Great things afoot in the MySQL community

December 23, 2008

tl;dr: The MySQL community rocks. Percona, XtraDB, Drizzle, SSD storage, InnoDB IO scalability challenges.

For anyone who lives and dies by MySQL and InnoDB, things are finally starting to heat up and get interesting. I’ve been banging the “MySQL/InnoDB scales poorly” drums for years now, and despite having paid Enterprise licenses, I haven’t been able to get anywhere. I was pretty excited when Sun bought MySQL since their future is intrinsically tied to concurrency, but things have been pretty slow going over there this year.

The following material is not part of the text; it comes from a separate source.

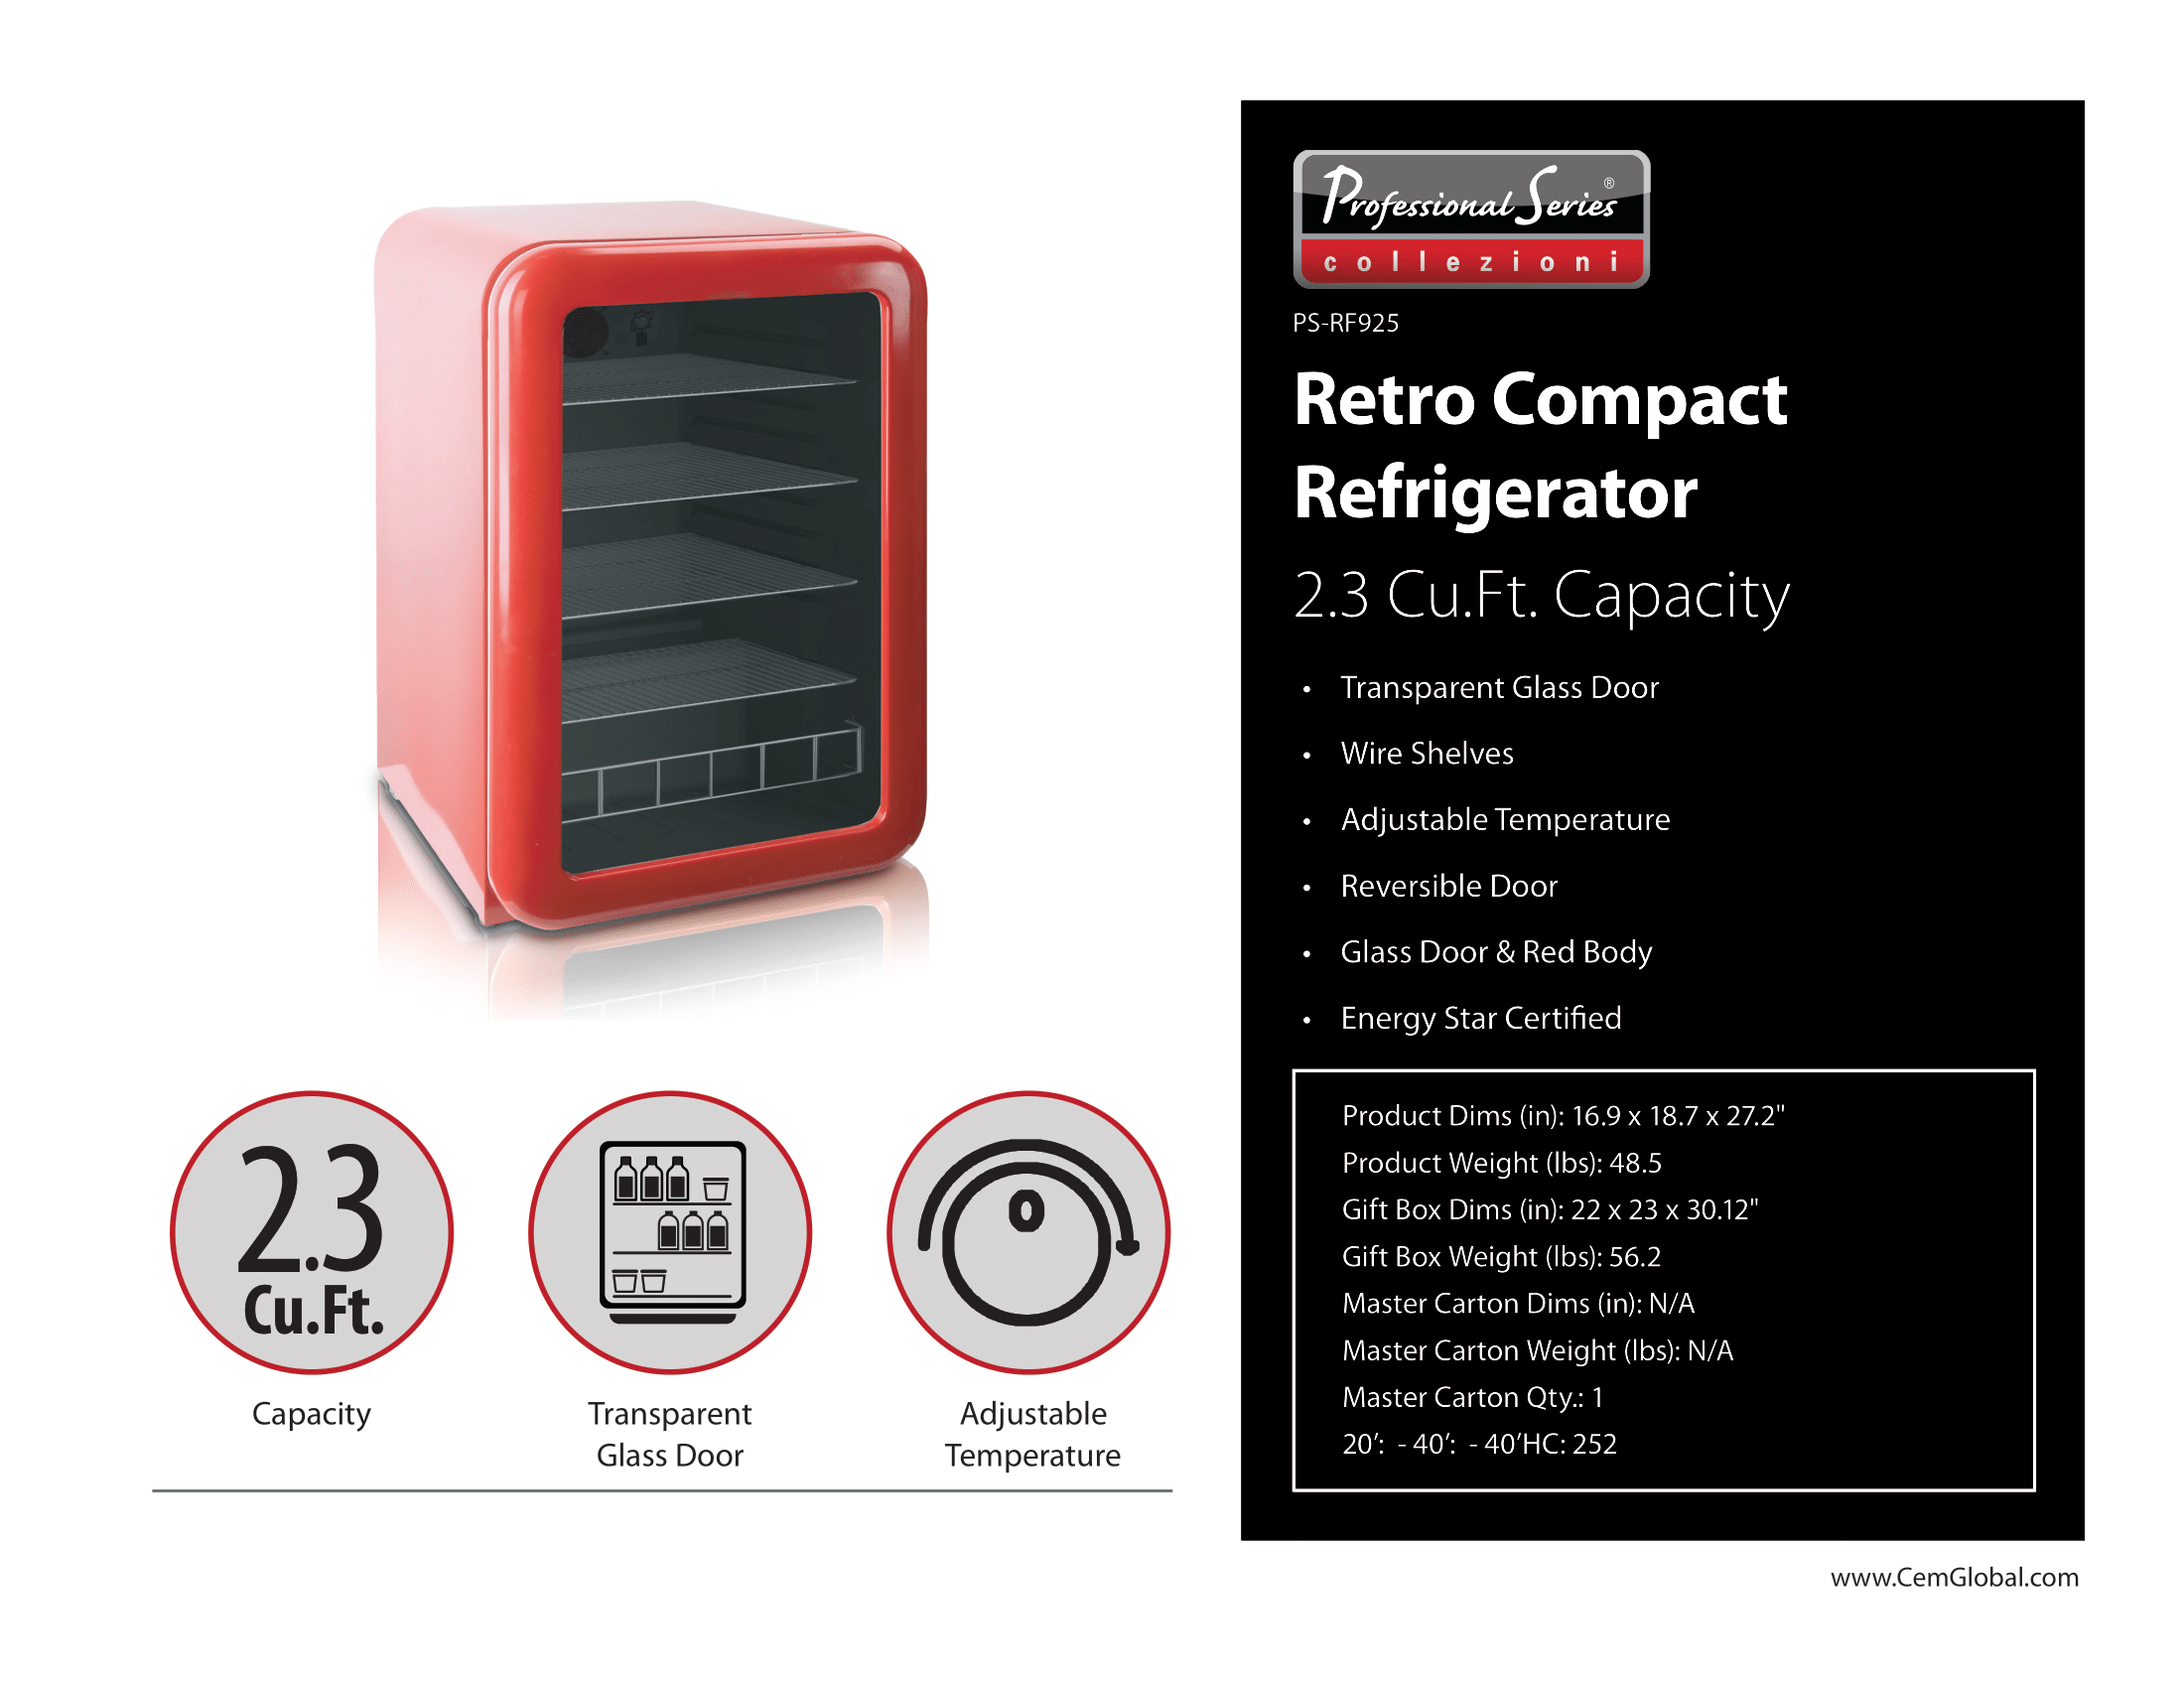 Retro Compact Refrigerator 2.3 Cu.Ft.

But the community has finally taken up arms and is fighting the good fight. It’s (finally!) a great time to be a MySQL user because there’s been lots of recent progress. Here’re some of my favorites (and highlights of work left to do):

PERCONA

I can’t sing Percona’s praises enough. They’re probably the most knowledgeable MySQL experts out there (possibly even including Sun). Absolutely the best bang for the buck in terms of MySQL service and support – better than MySQL’s own offering. (If I had to guess why that is, I’d bet that MySQL/Sun don’t want to step on Oracle’s toes by fixing InnoDB – but >99% of what we need is related to InnoDB. Percona has no such tip-toeing limitations.) Let me quickly count the ways they’ve helped me in the last few months:

  • They knew of a super obscure configuration setting “back_log“. Have you ever heard of it? I hadn’t. But we started seeing latency on MySQL connections (up to *3 seconds*!) on systems that hadn’t changed recently (exactly 3 seconds sounded awfully suspicious, and sure enough, it was TCP retries). After going through every single kernel, network, and MySQL tuning parameter I know (and I know a lot), I finally called Percona. They dug in, investigated the system, and unearthed ‘back_log’ within an hour or two. Popped that into my configuration and boom, everything was fine again. Whew!
  • We have servers that easily exceed InnoDB’s transaction limits. Did you know InnoDB has a concurrent transaction limit of 1024? (Technically, 1024 INSERTs and 1024 UPDATEs. But INSERT … ON DUPLICATE KEY UPDATE manages to chew up one of each). I know all about it – I’ve had bugs open with MySQL Enterprise for more than 2 years on the issue. What’s more, these are low-end systems – 4 cores, 16GB of RAM – and they’re no-where near CPU or IO bound. It took MySQL months to figure out what the problem was (years, really, to figure out all the final details like the different undo logs for INSERT vs UPDATE). Their final answer? It’ll be fixed in MySQL 6. :( Note that 5.1 *just* went GA after years and years. On the other hand, it took Percona one weekend to diagnose the problem, and 13 days to have a preliminary patch ready to extend it to 4072 undo slots. Talk about progress! (And yes, we want Percona to release the patch to the world)
  • Solving the CPU scaling problems. These have been plaguing us for years (we have had some older four-socket systems for awhile … now with quad-core, it’s even worse), and thanks to Google and Percona, this problem is well on its way to being solved. We’re sponsoring this work and can’t wait to see what happens next.
  • XtraDB. This is the biggy. So big it deserves its own heading….

XTRADB

Oracle’s done a terrible job of supporting the community with InnoDB. The conspiracy theorists can all say “I told you so! Oracle bought them to halt MySQL progress” now – history supports them. Which is a shame – Heikki is a great guy and has done amazing work with InnoDB, but the fact remains that it wasn’t moving forward. The InnoDB plugin release was disappointing, to say the least. It addressed none of the CPU or IO scalability issues the community has been crying about for years.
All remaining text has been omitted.